Smacking ban faces challenge by schools

By Victoria Combe

A GROUP of independent Christian schools is challenging the Government’s ban on corporal punishment, which comes into force this week, claiming that smacking is “moderate and loving discipline.”

Forty members of the Christian Schools’ Trust are contesting the ban through the European Court of Human Rights, claiming that the legislation is an infringement of “religious and parental” rights. The existing ban on corporal punishment for pupils in state schools will be extended to private schools when the Schools Standards and Framework Act comes into force tomorrow.

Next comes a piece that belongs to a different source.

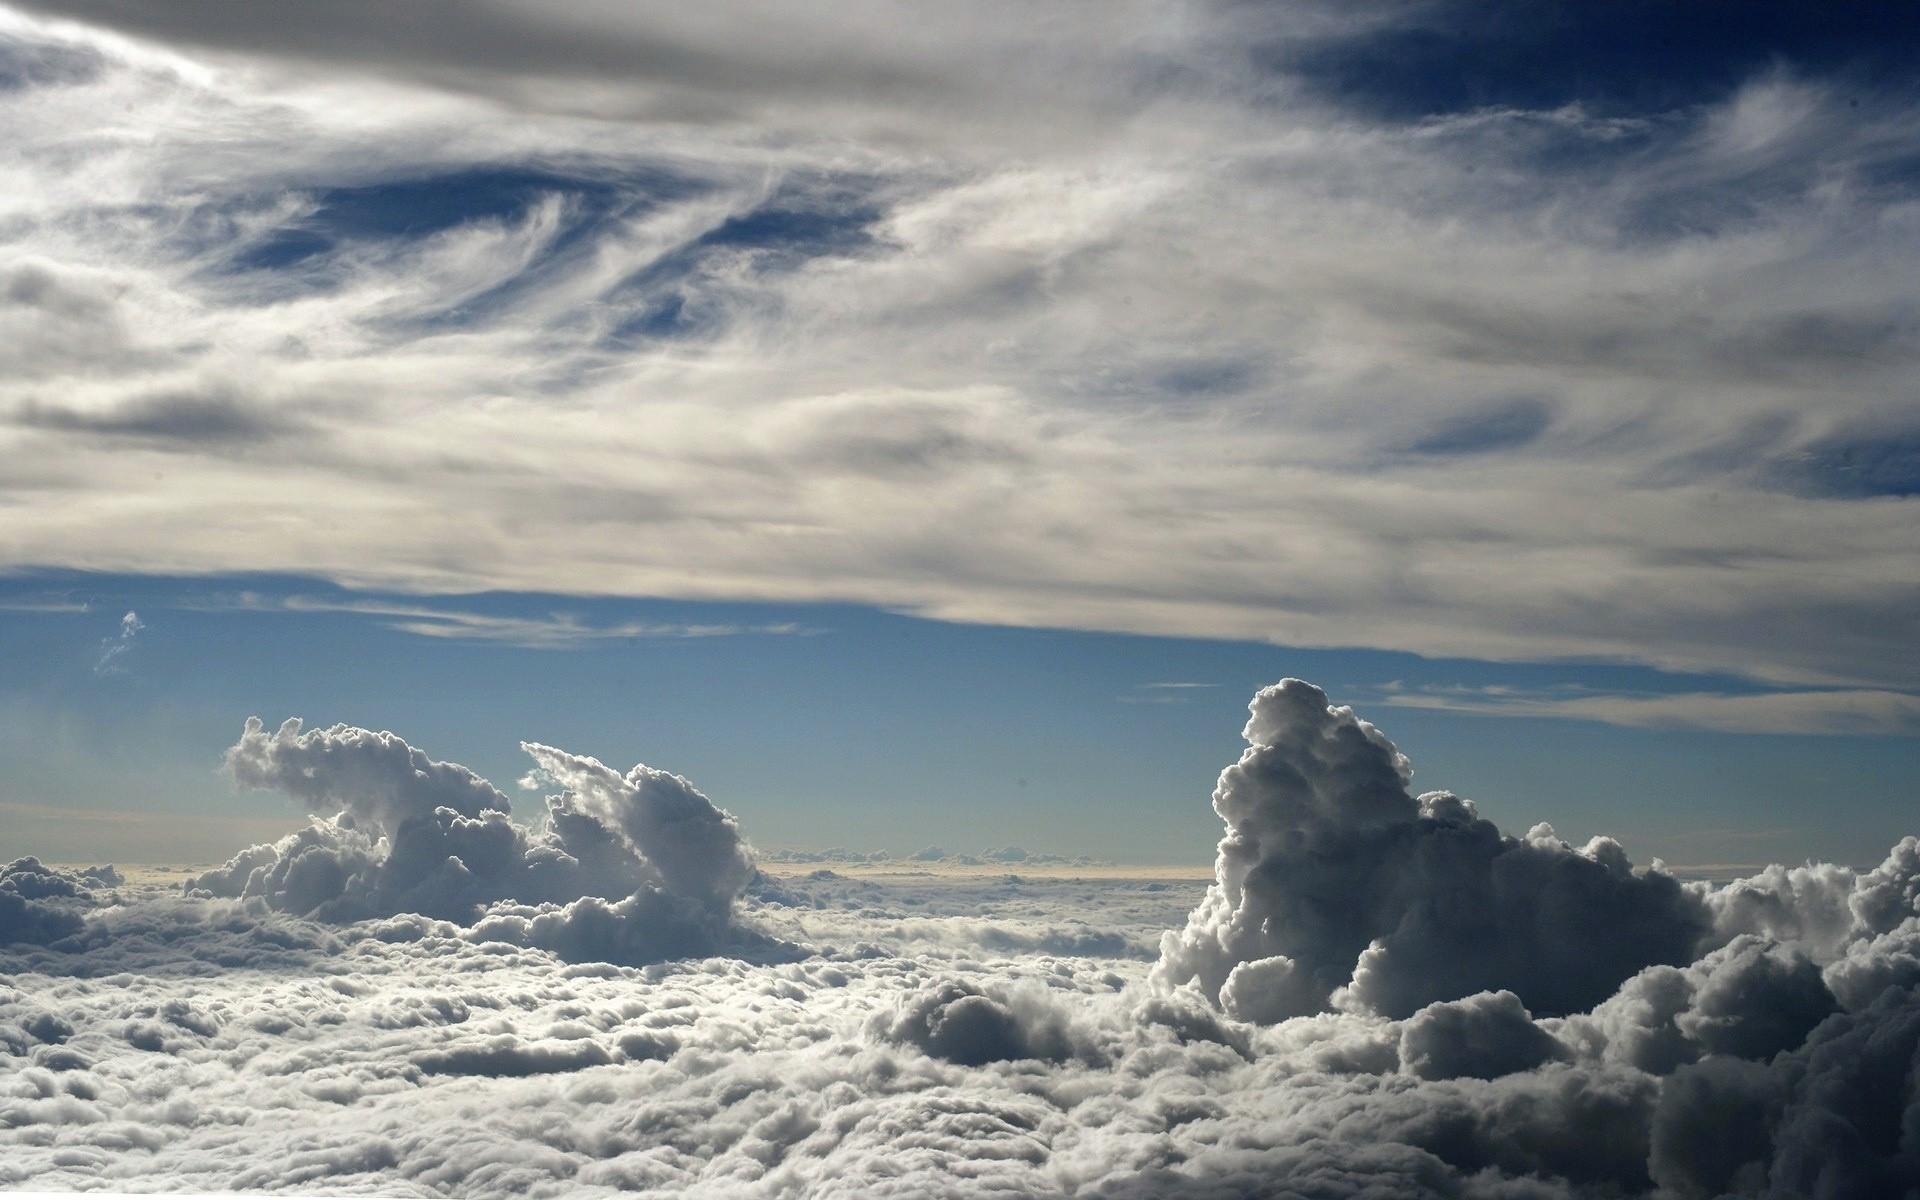 черный облака над облаками картинки детали уйдут, останется
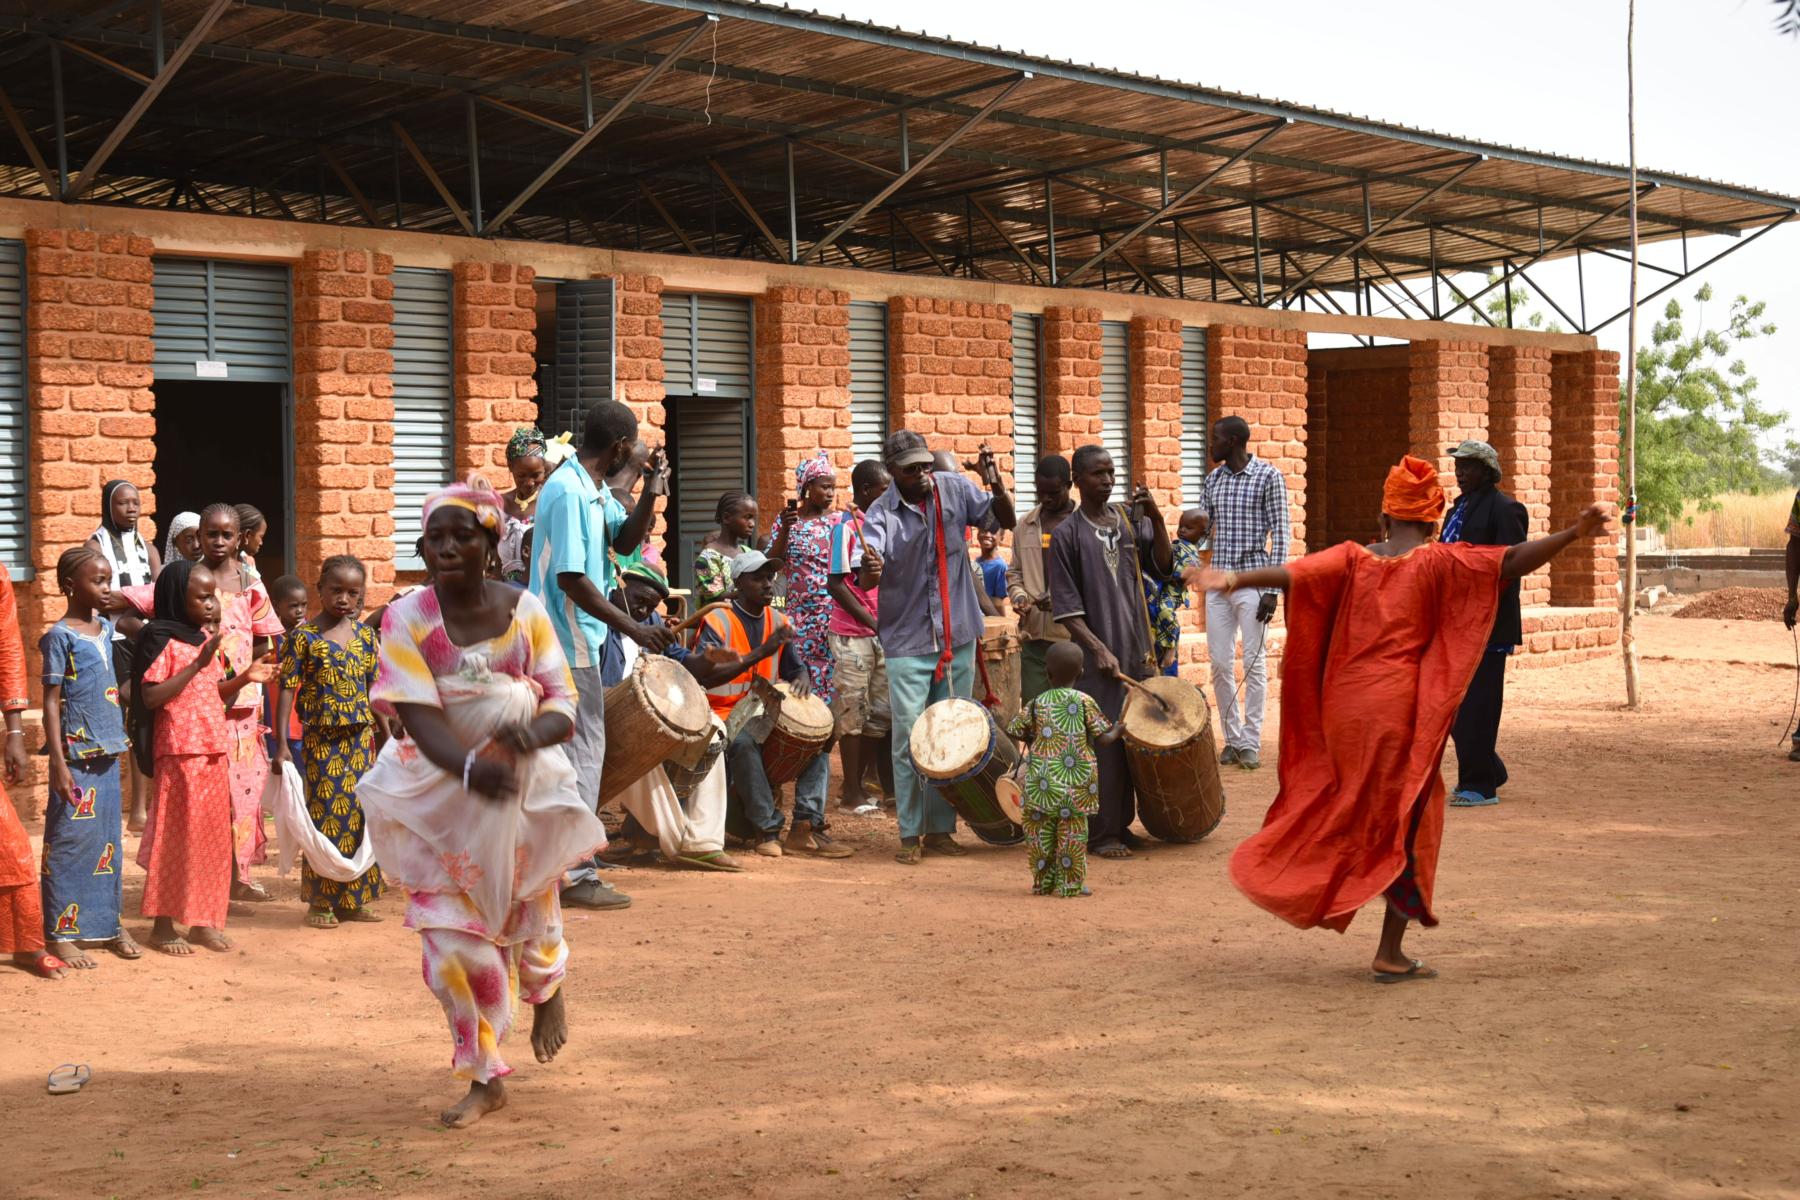 Africabougou associazione onlus – Scuola elementare villaggio di DIoubeba – Repubblica del Mali

Philip Williamson, headmaster of the Christian Fellowship School in Edge Hill, Liverpool, claimed that assaults on teachers had increased since the ban was imposed in state schools 13 years ago. He said: “We are not seeking a return to a Dickensian age of six of the best. What we are seeking is reasonable, moderate and loving discipline. It has a beneficial effect on some children; they understand where the boundaries of acceptability are and they become responsible citizens in society.”

Mr Williamson uses a “paddle” — a wooden ruler — to hit older boys, and girls are given the strap. Pupils under 10 are smacked on the hand or leg. He said that 90 per cent of the 200 children at his school, aged four to 16, never got smacked.

Peter Newell, co-ordinator of the End Physical Punishment of Children campaign, rejected Mr Williamson’s claims and said that the legal challenge had “no hope” of success. He said: “Teachers have for a long time supported abolition and the Independent Schools’ Joint Council which represents more than 80 per cent of independent schools has also supported this. This is just a tiny minority of schools bringing this action.”

A spokesman for the Department for Education and Employment rejected Mr Williamson’s claims, saying: “There is no firm evidence to back up what he has said about assaults on teachers.”